Copy the listing exactly; drop the pictures.

■ **Dataset excerpt**
--
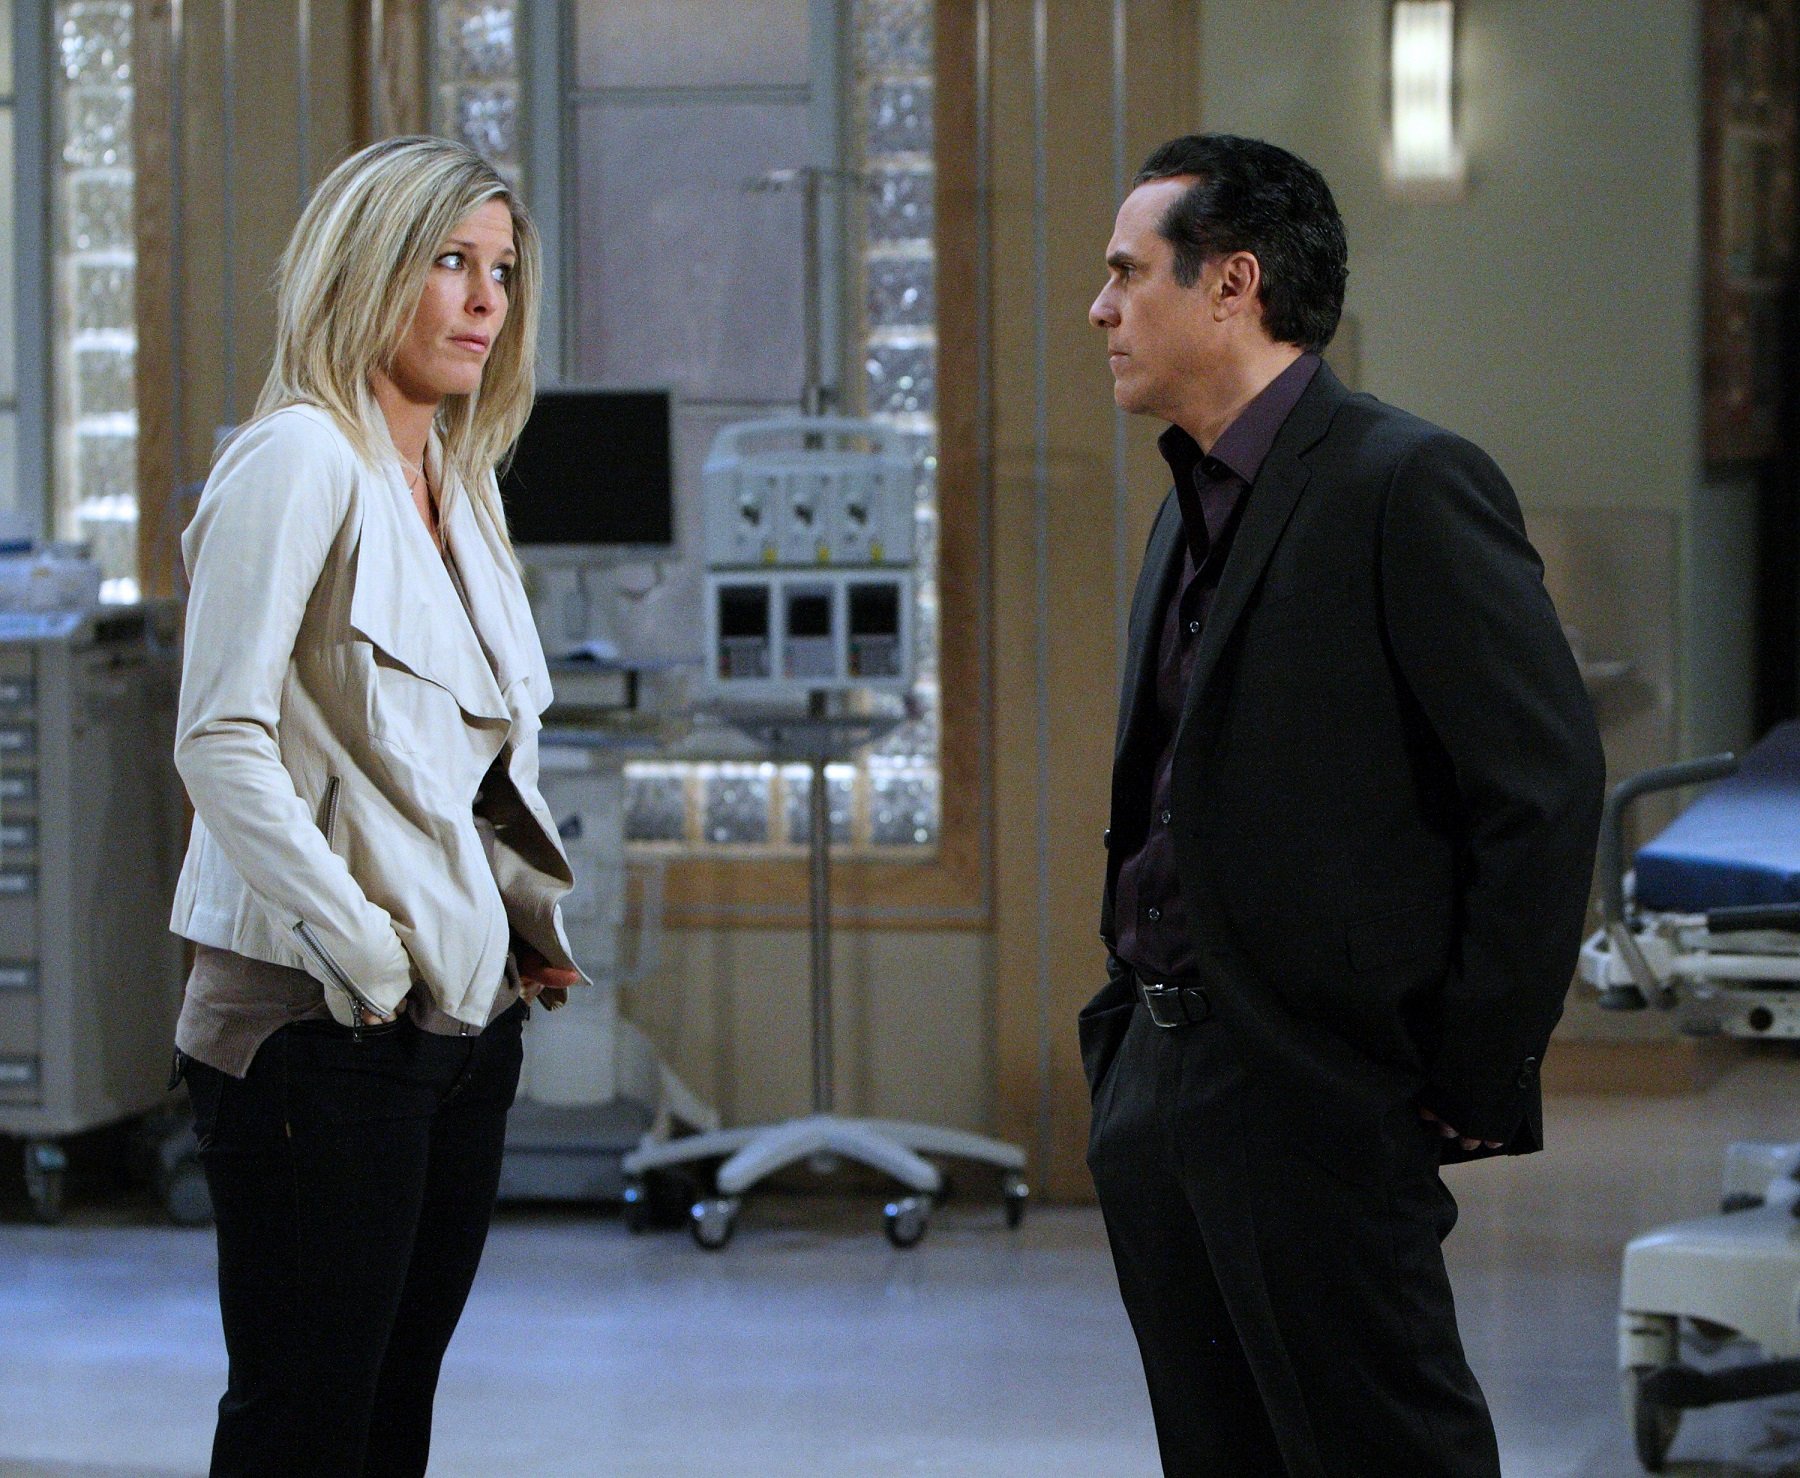 General Hospital speculation focuses on Carly, pictured here in a white jacket and black pants, and Sonny, pictured here in a black suit
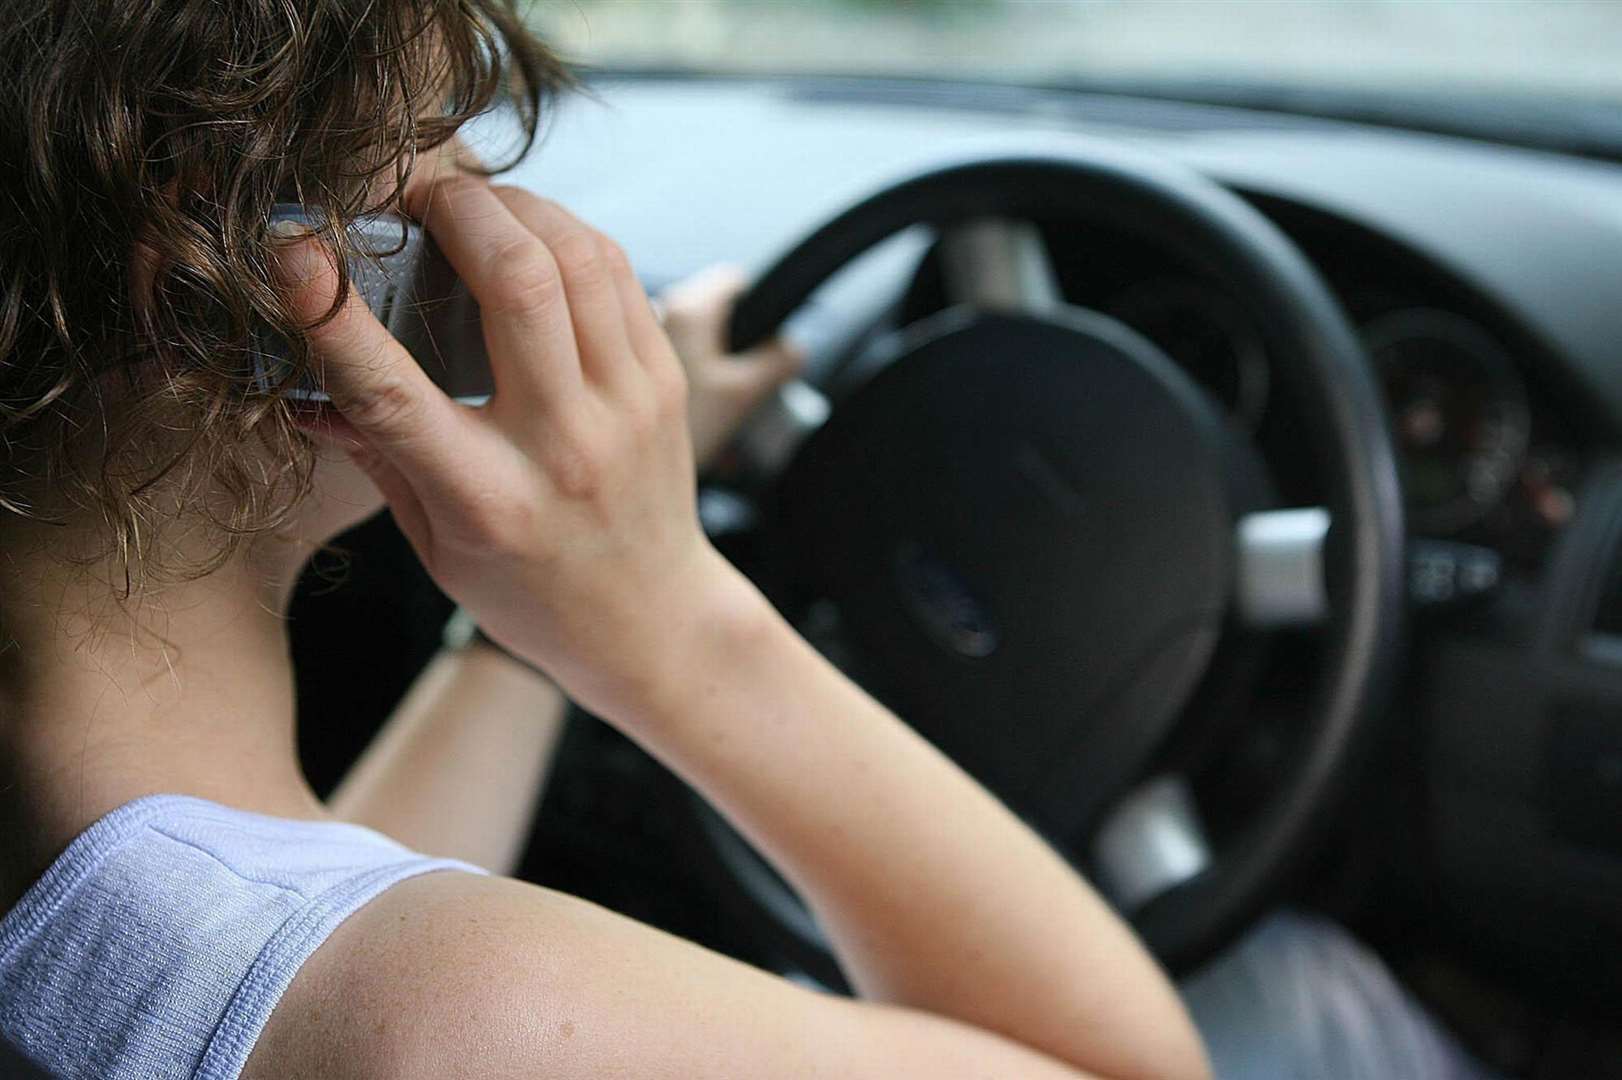 It is already illegal to make a call or text while driving. Image: Stock photo.
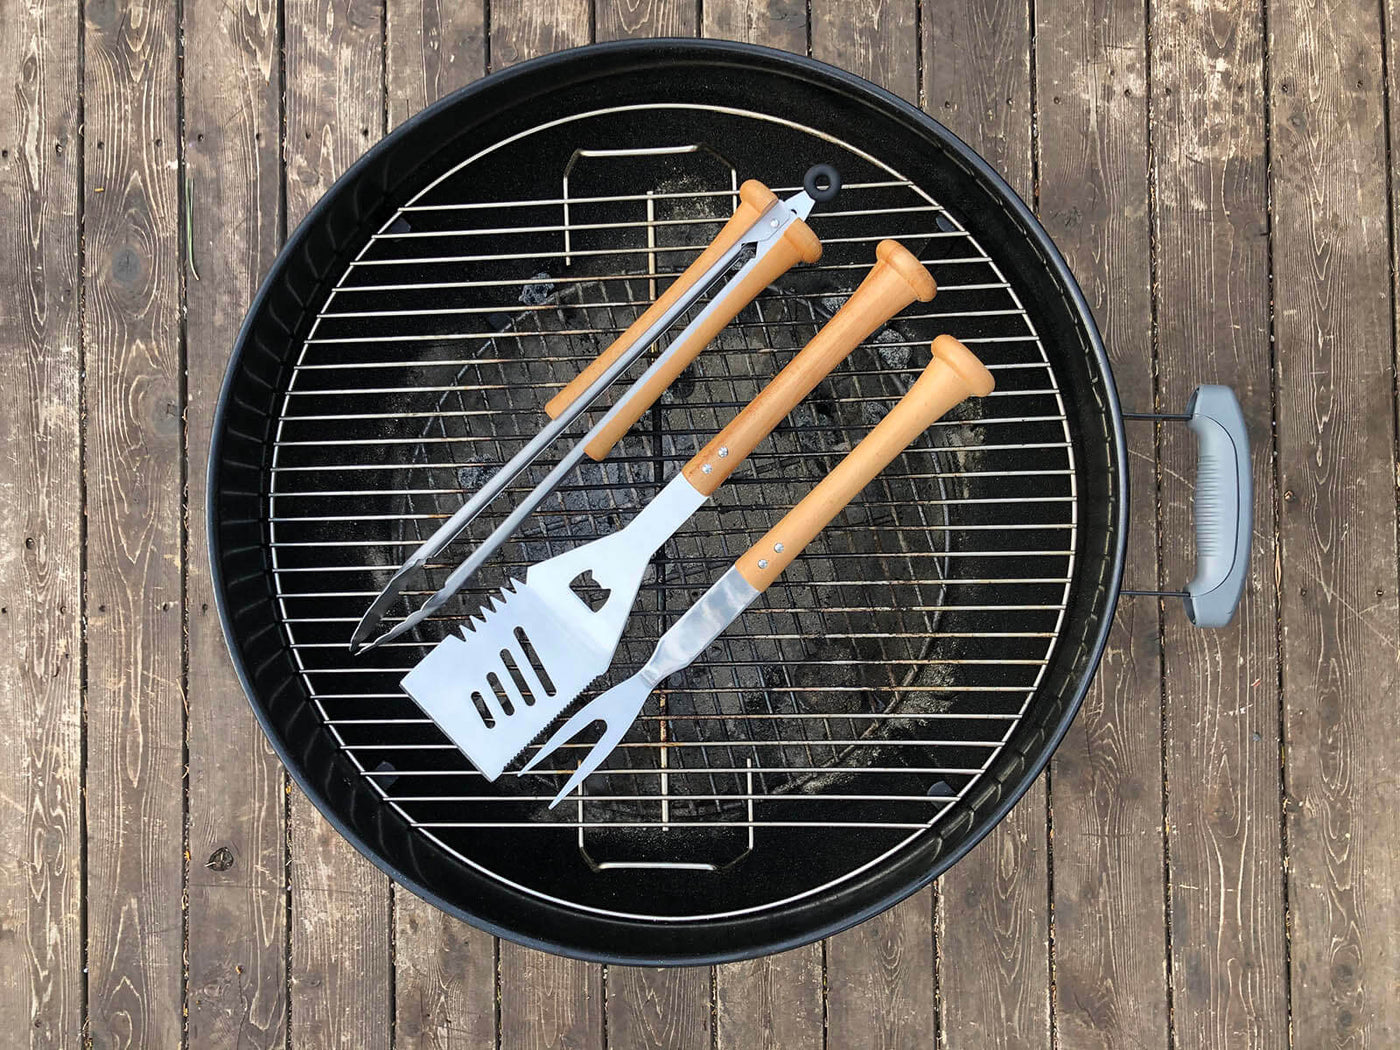 Baseball BBQ grill tools set made with wood baseball bat handles, available with custom personalization. Perfect gift for baseball fans.
--
■ **Problem solution**
 General Hospital speculation focuses on Carly, pictured here in a white jacket and black pants, and Sonny, pictured here in a black suit
 It is already illegal to make a call or text while driving. Image: Stock photo.
 Baseball BBQ grill tools set made with wood baseball bat handles, available with custom personalization. Perfect gift for baseball fans.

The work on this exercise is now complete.